The male-side insulating member 130 is made of an insulating material such as synthetic resin. The male-side insulating member 130 is a member for preventing fingers from touching the tip of the male terminal 120 on the connector insertion direction side. The male-side insulating member 130 prevents fingers from touching the male terminal 120, in conjunction with the male housing 140. The male-side insulating member 130 has the outer cylindrical body 131 having a cylindrical shape that covers an annular tip surface 121b of the male-side connecting body 121 on the connector insertion direction side, on the same cylindrical axis (FIG. 1, and FIG. 5 to FIG. 7). In this exemplification, the outer cylindrical body 131 is formed in a cylindrical shape.
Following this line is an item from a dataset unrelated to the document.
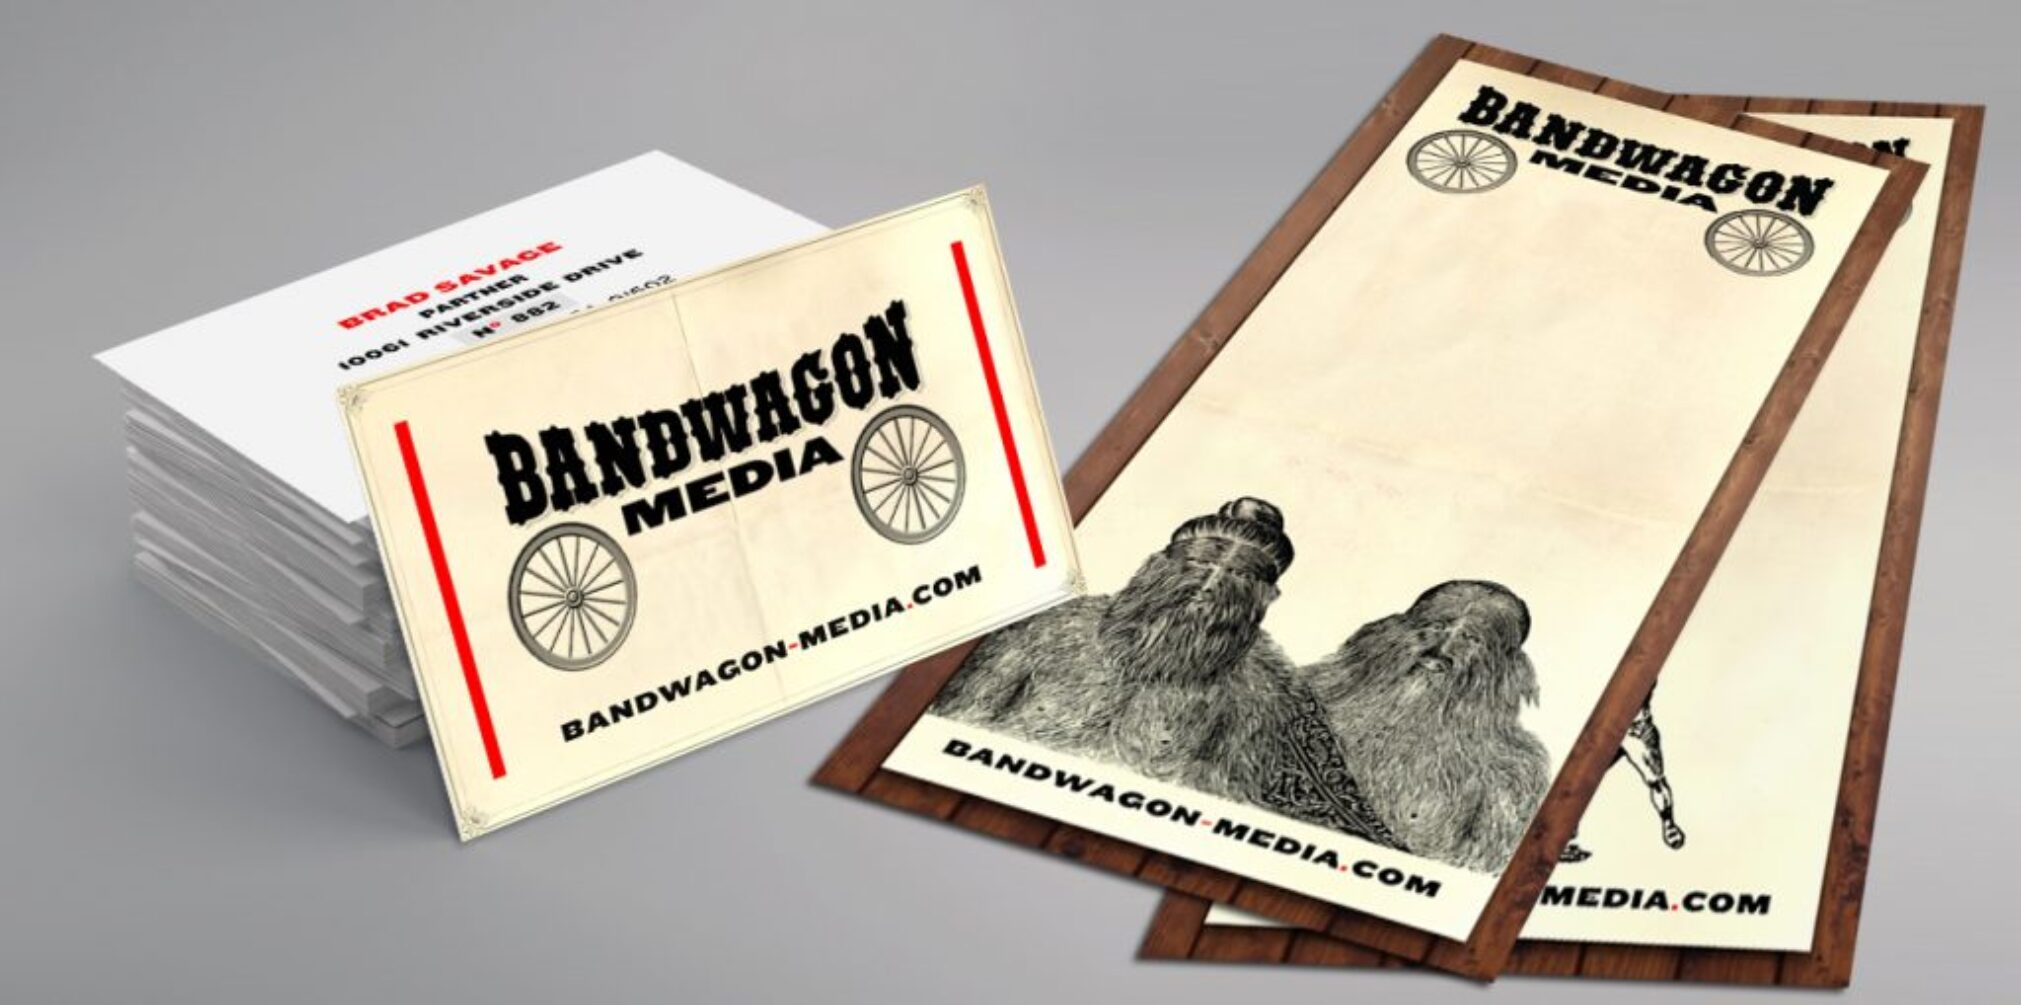 Bandwagon Media : Brand strategy, Logo and Identity Development by Day For Night.

The outer cylindrical body 131 is inserted into the female-side space part 21a of the female-side connecting body 21, together with the male-side connecting body 121. Thus, the outer cylindrical body 131 is formed to have, for example, the same outer diameter as the male-side connecting body 121 so as not to inhibit the insertion operation. In the outer cylindrical body 131, it is desirable that an annular chamfered part 131a (FIG. 1, FIG. 2, FIG. 5, and FIG. 6) along the circumferential direction is provided at its tip on the connector insertion direction side, so as to facilitate the insertion into the female-side space part 21a. The chamfered part 131a may be a curved surface or flat surface. The chamfered part 131a in this exemplification is formed in a tapered shape.

In addition, the finger touch preventing body 31 is inserted into the first space part 131b (FIG. 1, and FIG. 5 to FIG. 7), which is formed inside the outer cylindrical body 131. Thus, the outer cylindrical body 131 is formed to have the first space part 131b so as not to inhibit the insertion operation.

In this regard, as previously described, the finger touch preventing body 31 is also inserted into the male-side space part 121a of the male-side connecting body 121. In a conventional fitting connector, the inner diameter of the male-side connecting body 121 and the inner diameter of the outer cylindrical body 131 are formed in the same size, and thus the finger touch preventing body 31 may contact the male-side connecting body 121. The fitting connector 1 in the present embodiment is configured such that a contact between the finger touch preventer 31 and the male-side connecting body 121 does not occur. In this regard, for convenience of explanation, the conventional fitting connector is described by providing the same reference signs as those in the configuration of the fitting connector 1 in the present embodiment.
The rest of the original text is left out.